SUN CITY CENTER, Fla. – Stumping on behalf of Mitt Romney for the first time in Florida today, former presidential candidate and Arizona Sen. John McCain pressed Florida voters to consider a candidate’s record, not just debate performances, when choosing whom they will vote for in the Florida primary next week.
It was a pointed reference to Newt Gingrich, who has benefited from strong debate performances in recent weeks.
“I think debate performances are important,” McCain told a crowd of more than 150 people at a town hall-style meeting at the Chamber of Commerce here. “I think that they’re helpful in talking to the American people, but I’m not sure that debates should be the only criteria.
“I think we should look at people’s records. I think we should look at what they offer the American people. I think debates are helpful, don’t get me wrong, but I also think that we should look at their records.”
McCain characterized the debates as having taken on a tone that is “not healthy” and suggested they have “deteriorated into name calling.”
The Republican senator continued to criticize Gingrich’s penchant for earmarks while he served as speaker of the House.
“Under Speaker Gingrich, when I was in the House and the Senate, earmarks exploded,” McCain said. “It led to scandal. It led to [convicted lobbyist Jack] Abramoff and it does because it’s corruption.
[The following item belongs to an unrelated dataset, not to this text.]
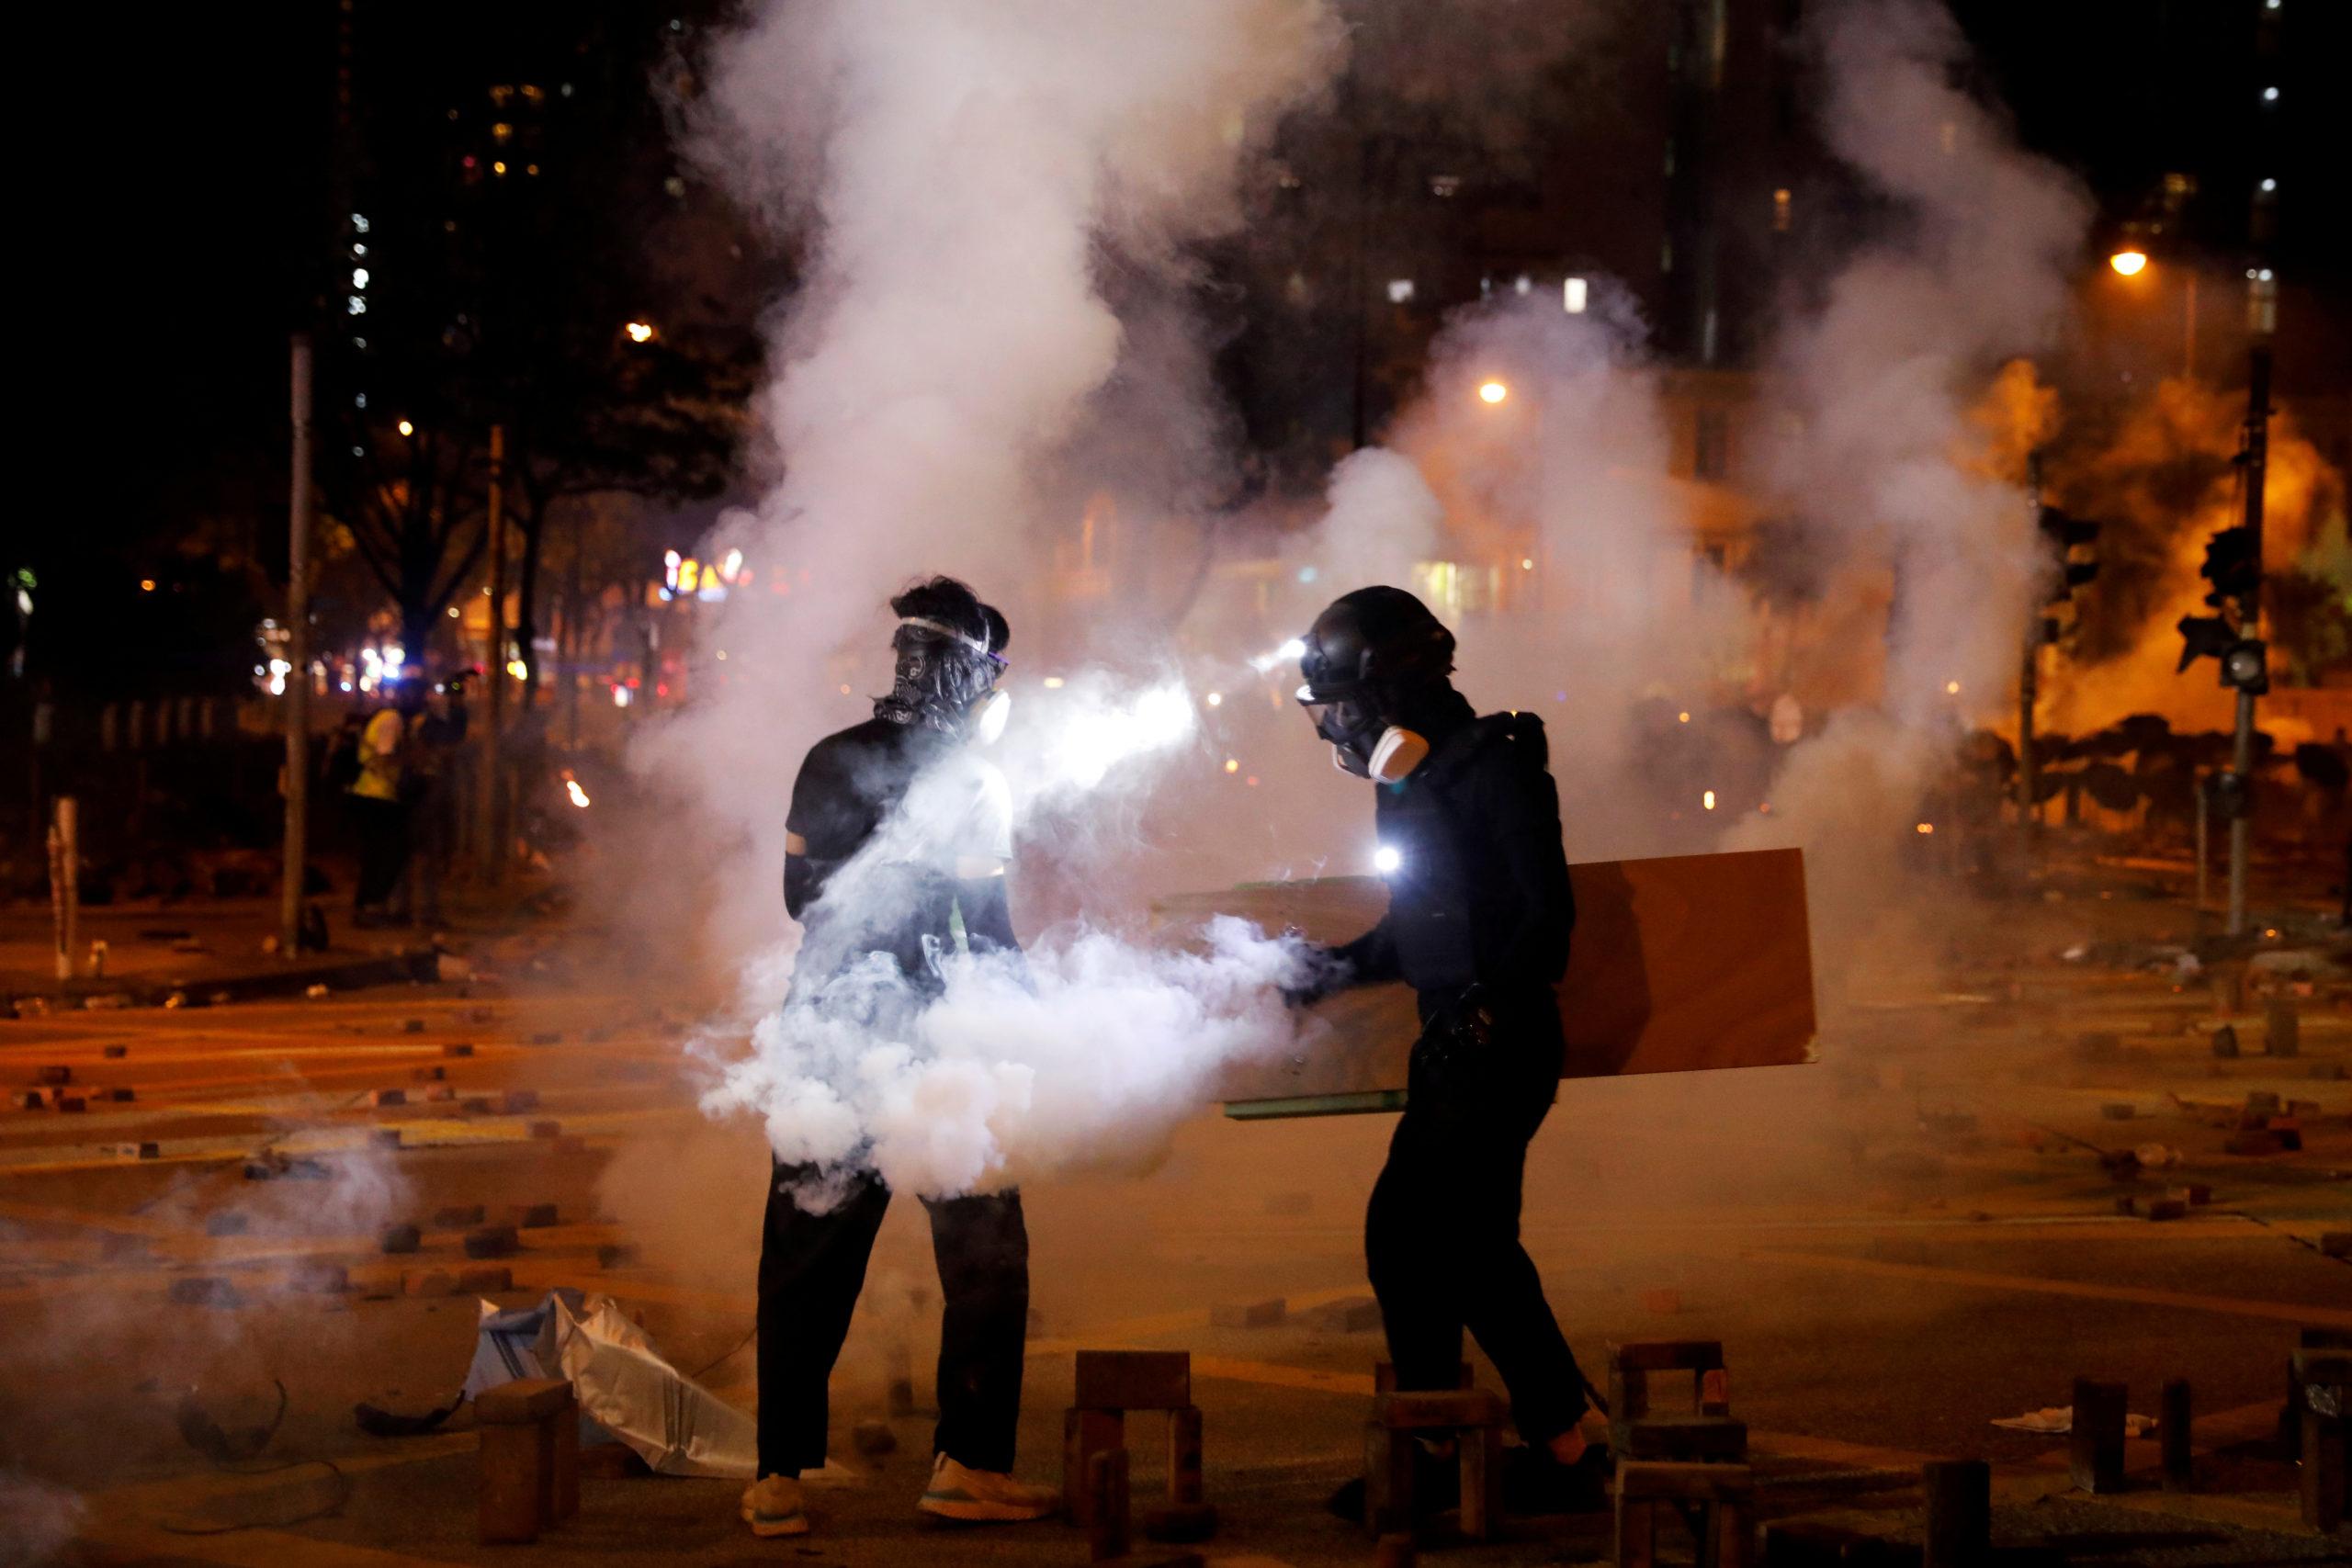 La police de Hong Kong a tiré des cartouches de gaz lacrymogène contre des manifestants leur jetant des cocktails Molotov ou d'autres projectiles samedi devant l'Université polytechnique de la ville, quelques heures après une manifestation pro-chinoise. /Photo prise le 16 novembre 2019/REUTERS/Adnan Abidi

“I took the floor in 1998 … and criticized and railed against this bill that they had passed, this appropriations bill out of the House of Representatives, and the speaker’s response at that time was that we were perfectionists. Well, I believe in being a perfectionist where corruption is concerned.”
McCain, who endorsed Romney in early January, squeezed out a win over Romney in the Florida primary in 2008 with 36 percent of the vote, compared with 31 percent received by the former Massachusetts governor and eventually became the Republican nominee.
“I think you know we had a very spirited primary in 2008 and it should’ve been. Primaries are spirited and they’re not bean bag,” McCain said. “But I can tell you that Mitt Romney and I share the same values, the same principles, the same emphasis on our national security and fiscal discipline, and we may have had a difference or two and we may still have a difference or two but the fact is also I’d like to point out that after I was able to secure the nomination, no one worked harder on my behalf than Mitt Romney.”
During a question-and-answer session, a younger voter voiced his desire to opt out of Social Security and asked whether the federal government would give him that option in the future.
“No, because it’s a scheme, obviously, that you are not paying for your present retirement. You are paying for present retirees,” McCain said as a few women in the crowd simultaneously called it a “Ponzi scheme.” “But what I think we should do is allow you to put some of that Social Security that you’re paying into a lockbox, as we call it, so it will be there as you retire.”
McCain joked comfortably with the crowd throughout his speech. As he defended Romney’s tenure as governor of Massachusetts, McCain accidentally knocked one of the microphones off the podium.
“Too bad for Channel 9. That’s it,” McCain said as the crowd, many of whom were holding signs that read “Don’t Trust the Liberal Media,” laughed and applauded. “Channel 9′s a bunch of liberals anyways.”
Drumming up support for Romney, McCain urged the audience to hit the voting booths Tuesday, even joking with a man in the front row wearing an “I voted” button that he should give up his chair for an undecided voter.
“I noticed that somebody already has a button on that says, ‘I voted.’ Would you mind if someone who hasn’t voted takes your seat?” McCain joked.